В том единственном двухэтажном доме одна из квартир первого этажа была занята конторой совхоза. При оформлении обратили внимание на справку с последнего места моей работы: 'Уволен по собственному желанию'. Удивились, что московский завод я сменил на работу в совхозе.
— Что это вас побудило? — как бы между прочим был задан вопрос.
Я, помню, замялся, не совсем серьезно ответил, что давно мечтал пожить и поработать в деревне. Вряд ли спрашивавший поверил моим словам, но допытываться дальше не стал.
Предвиделись строительные работы, но пока предложили поработать в совхозном лесу по расчистке, наведению порядка и как бы окультуриванию прилегавших к дачным местам участков молодого соснового леса. Этими работами ведала прораб-женщина — всегда в мужской одежде, но усердно следившая за своей внешностью: было ей около сорока. Вот в ее распоряжение меня и направили.
Жить мне, естественно, пришлось в общежитии, где было совсем неплохо — четверо в комнате. С двоими из них мне пришлось работать под началом той самой женщины в мужской одежде. Учиться на этой работе было нечему, все было ясно и понятно: удаляли кустарники, валежники, сухостойные деревья, всякую мелочь и хлам сжигали на костре. Но продолжалась такая вольготная работа недолго: как только выпал снег, вся эта «санитарная» деятельность прекратилась, и нас перевели на строительство животноводческих помещений. Да, на душе было скучновато — работать нужно было по-настоящему, и ничего иного не предлагалось, выбора не было. Но не мне было пугаться лопаты или кайла, все было хорошо знакомо, да еще как! И пусть не покажется смешным, если скажу, что надо уметь владеть и этим грубым инструментом, не стыдиться, не считать зазорным эту трудную работу; надо уметь красиво и легко ее делать, и вот тогда-то почувствуешь радость своего труда, как чувствует настоящий крестьянин.
Я не имел намерений оседать и закрепляться надолго в совхозе, но получилось так, что проработал в нем более года.
Числа 13 или 14 декабря 1937 года приехал я наконец в Смоленск.

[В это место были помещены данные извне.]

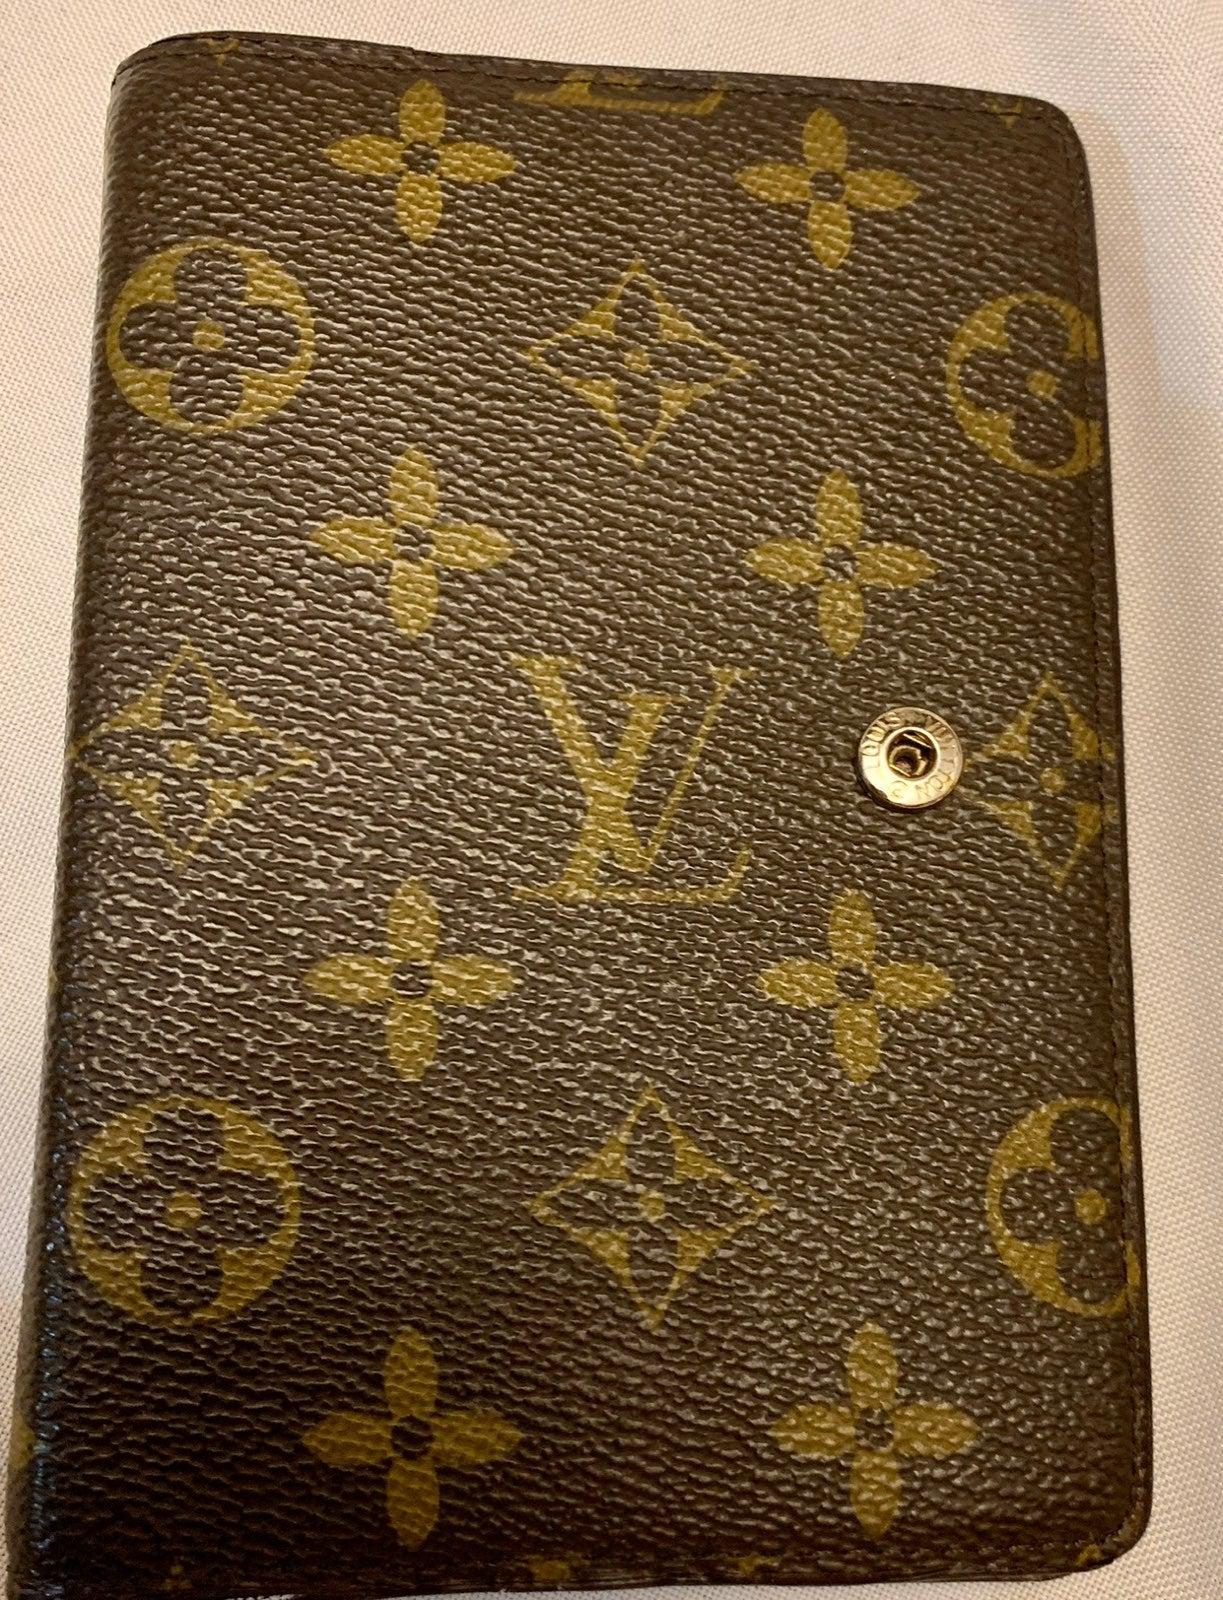 Louis Vuitton Agenda PM DAMAGED

Было часов восемь вечера. Трамваем не воспользовался, прошел пешком от вокзала в верхнюю часть города до самого дома на Краснознаменной, где в то время жила наша мама и сестры. Было темно, и я не без труда нашел этот дом. Их комната находилась на первом этаже, это я знал — бывал в 1934 году у Александра. Я тихо постучал в дверь, но ответа не услышал. Повторил погромче — услышал: 'Войдите!' — слово это прозвучало сипло и немощно, но все же я узнал — отвечала мама. Открыв дверь, я увидел ее и сразу заметил обеспокоенность: ладонью приподнятой руки в момент моего приветствия она старалась дать мне понять, чтобы я не говорил громко, сама же, приблизившись, шепотом сказала, что живут давно в постоянной тревоге, стараются не говорить в голос…
— Боимся стука в дверь… в городе ползут слухи о врагах, вредителях, шпионах…
Я еще не успел раздеться, еще не подошел к сестре Анне, склонившейся над кроватью младенца — родилась девочка, о чем я пока только догадывался, — а мама успела назвать имена нескольких наших родственников, которых взяли за последние месяцы: дядю Григория Митрофановича Плескачевского, дядю Ивана Борисовича Вицкопа, Семена Зубрицкого и кого-то еще из знакомых, всех не могу уже и вспомнить. Я, конечно, знал, что мама всегда была легко ранимой, тревожные слухи она переживала тяжело, подавленно, но тут она называла такие факты, что вряд ли кто мог остаться равнодушным. Врагом народа был назван первый секретарь Смоленского обкома Румянцев, эта же участь постигла председателя Смоленского облисполкома Ракитова, были арестованы несколько смоленских литераторов.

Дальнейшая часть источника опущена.